Data provided =
=== Section Start ===
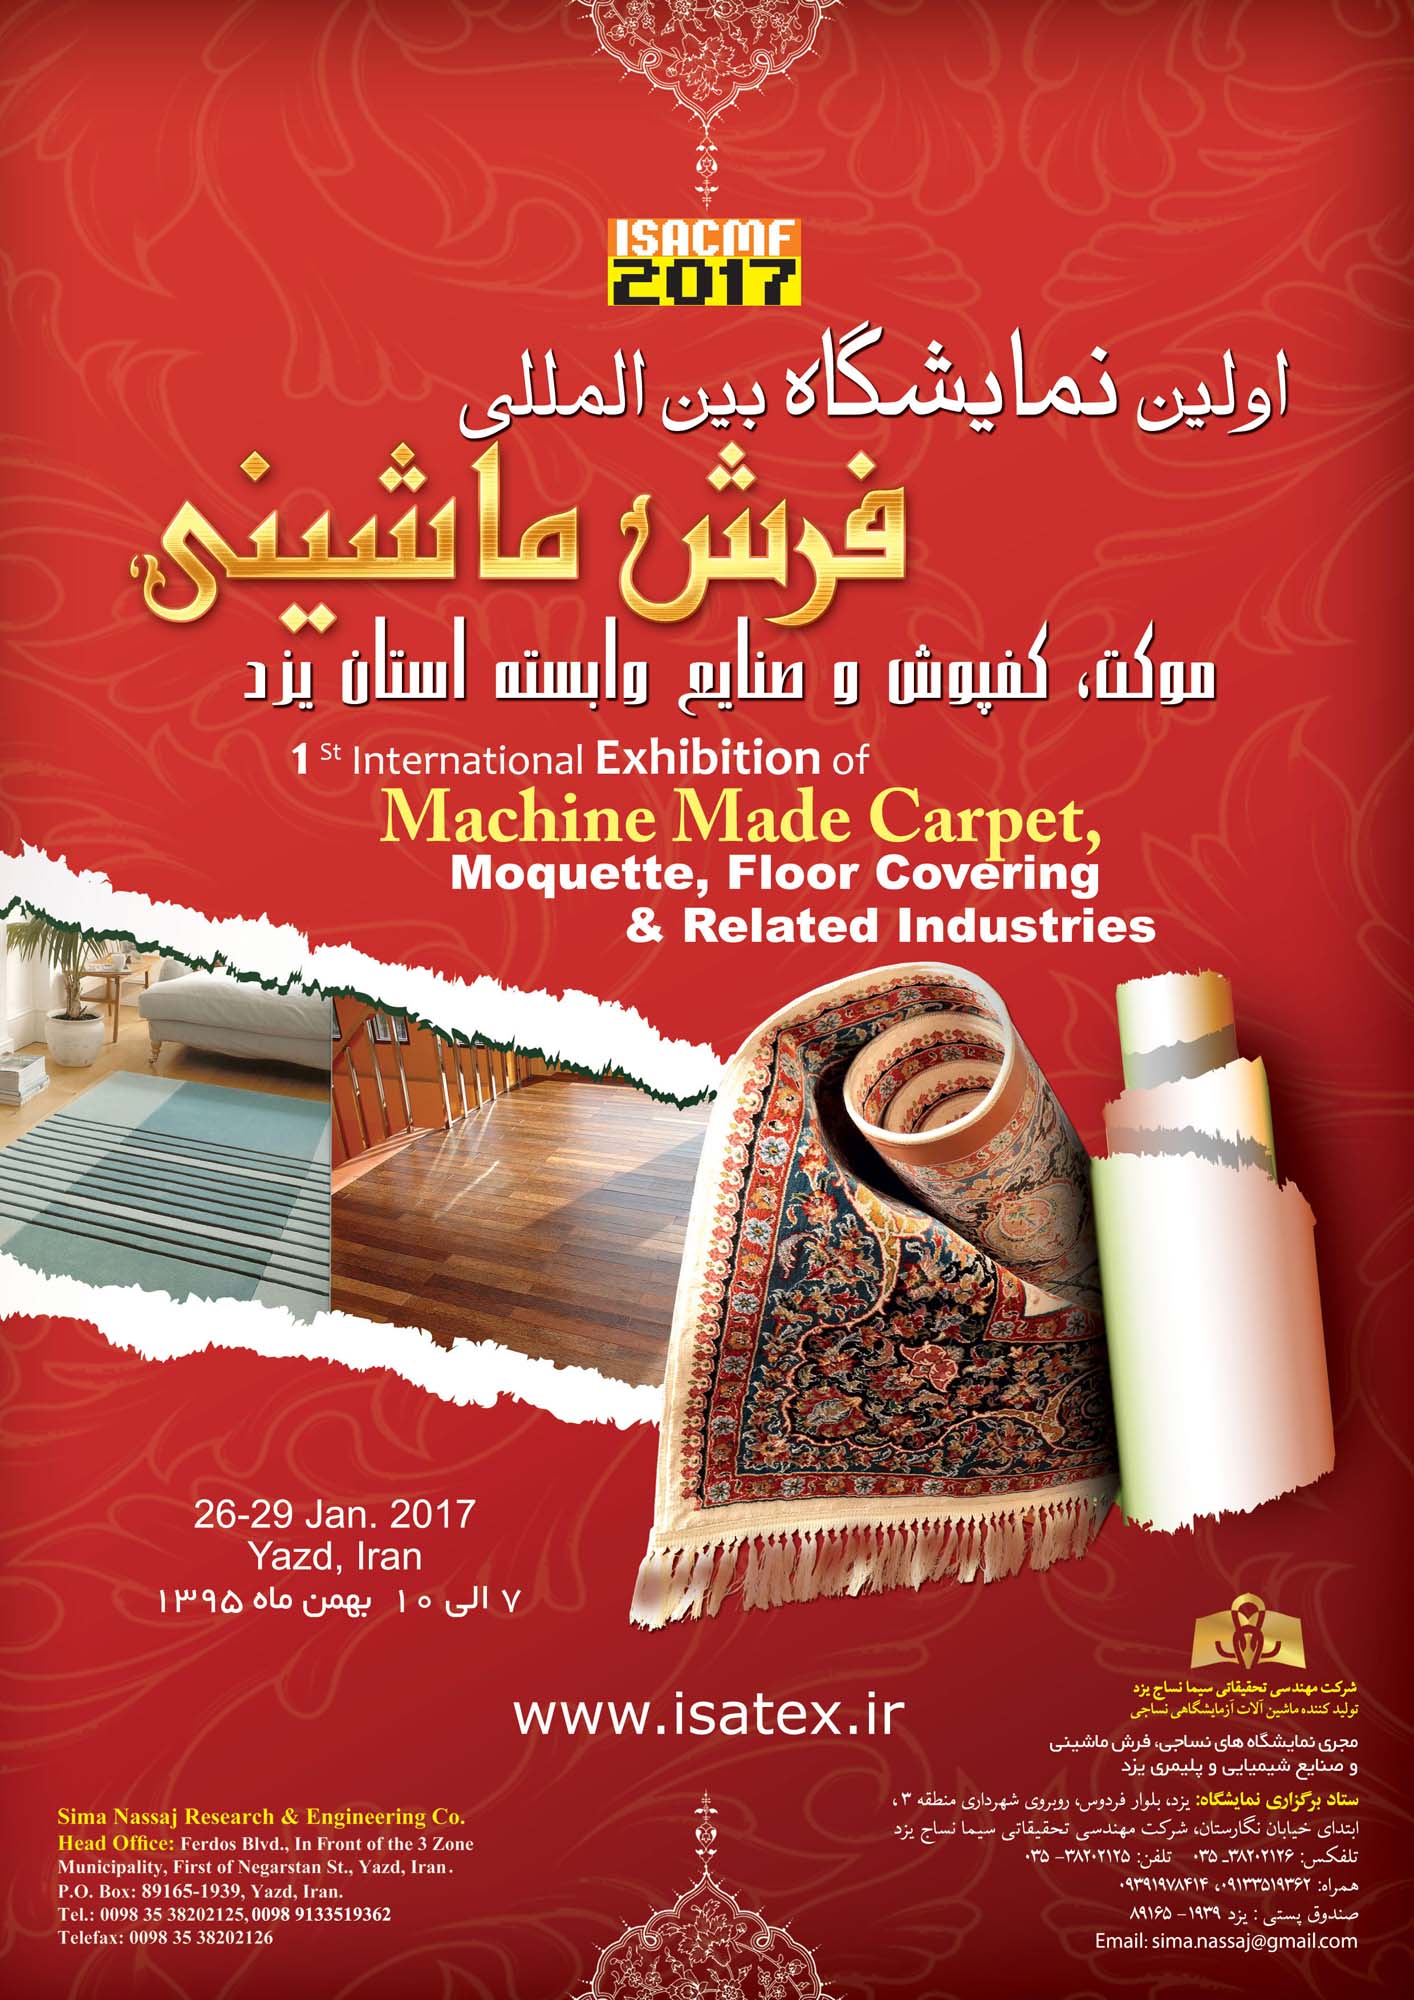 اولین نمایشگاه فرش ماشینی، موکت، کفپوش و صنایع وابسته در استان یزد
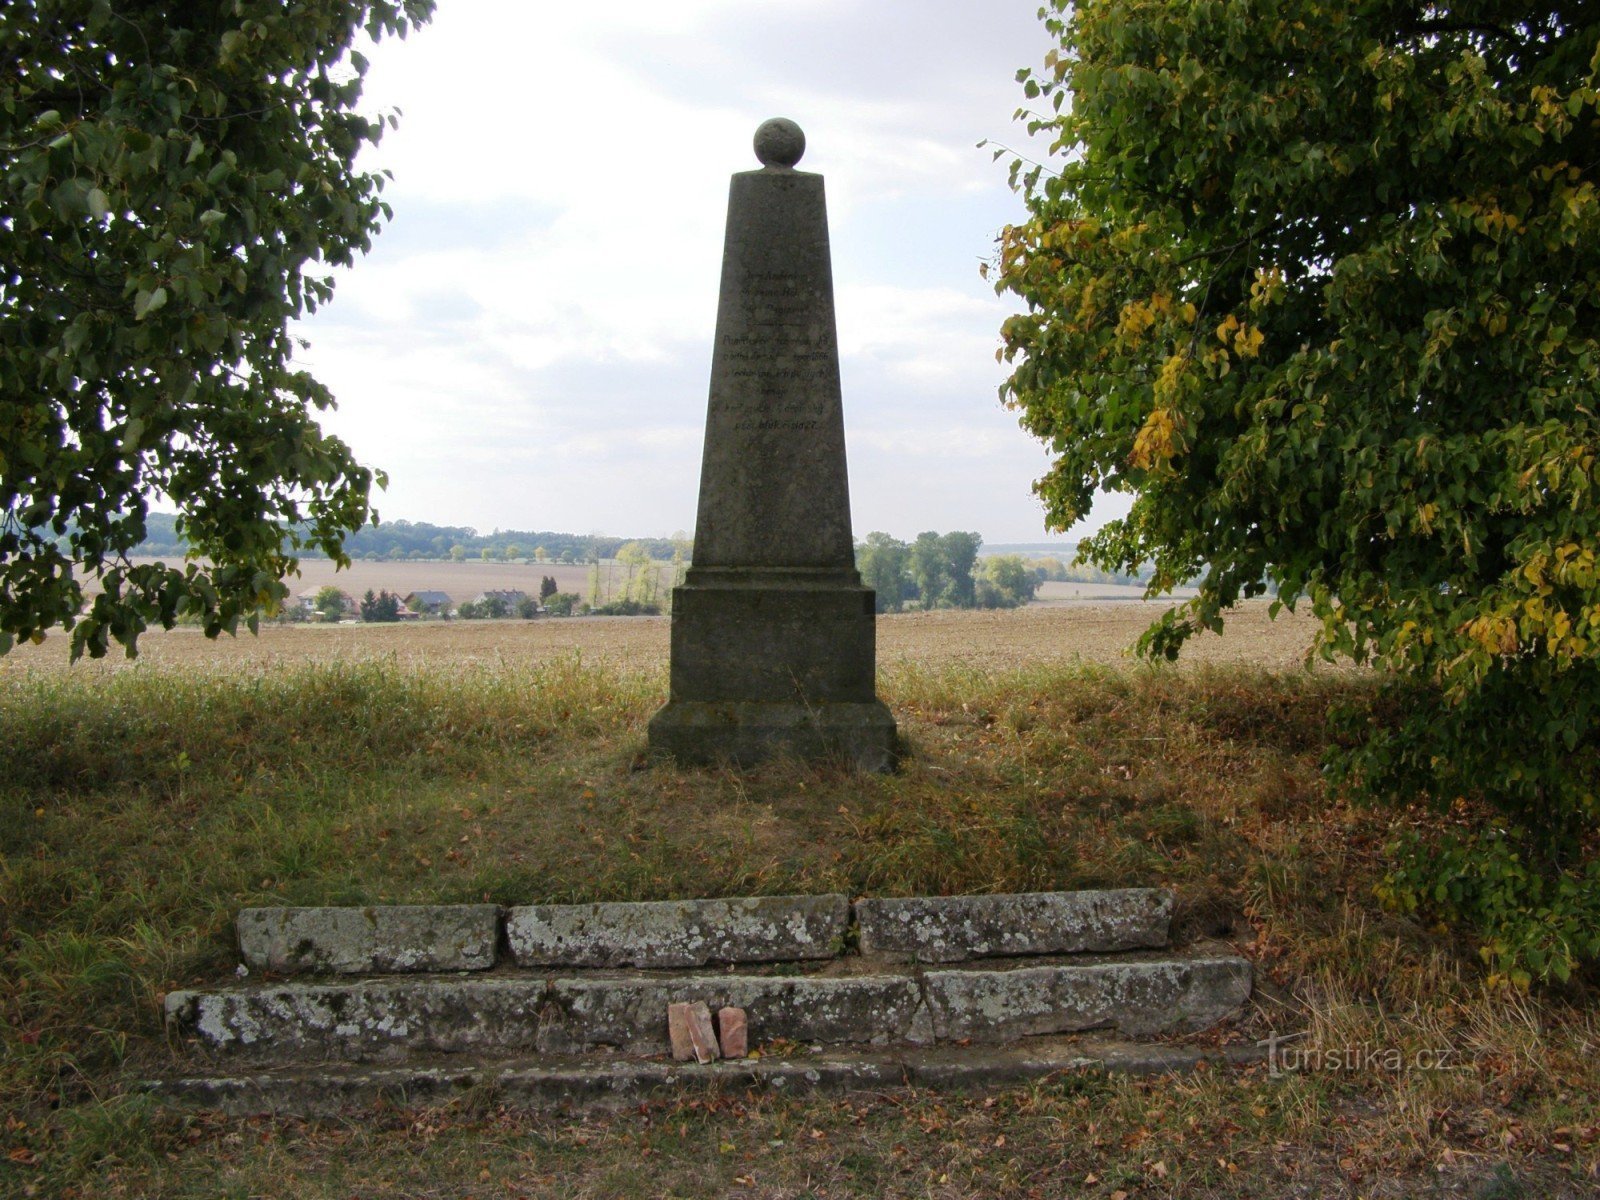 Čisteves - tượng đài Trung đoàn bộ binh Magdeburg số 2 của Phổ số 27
=== Section End ===
=== Section Start ===
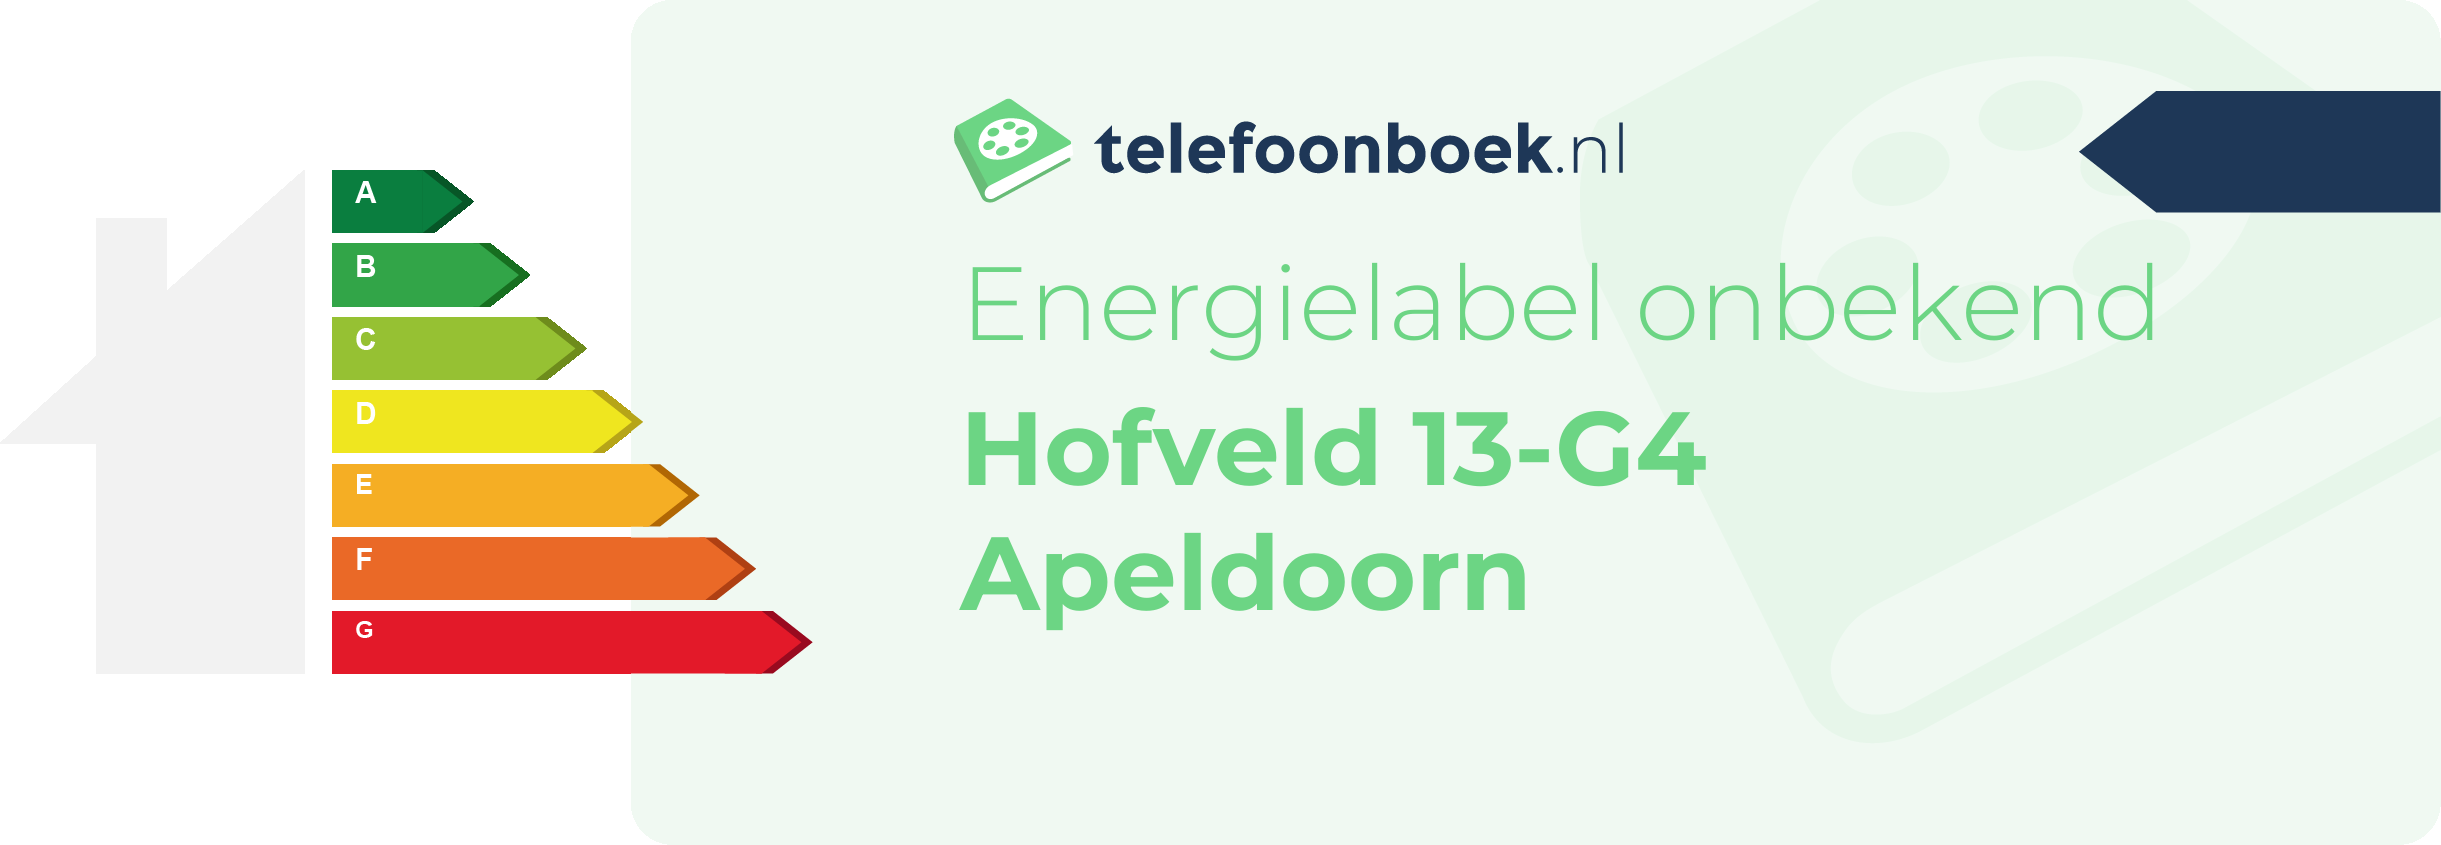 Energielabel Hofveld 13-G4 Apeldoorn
=== Section End ===
Task to carry out = In the entries above, find the line containing "اولین نمایشگاه فرش" and the line containing "Čisteves - tượng"; give again exactly those two lines and every line between them, minus the pictures.

Solution =
 اولین نمایشگاه فرش ماشینی، موکت، کفپوش و صنایع وابسته در استان یزد
 Čisteves - tượng đài Trung đoàn bộ binh Magdeburg số 2 của Phổ số 27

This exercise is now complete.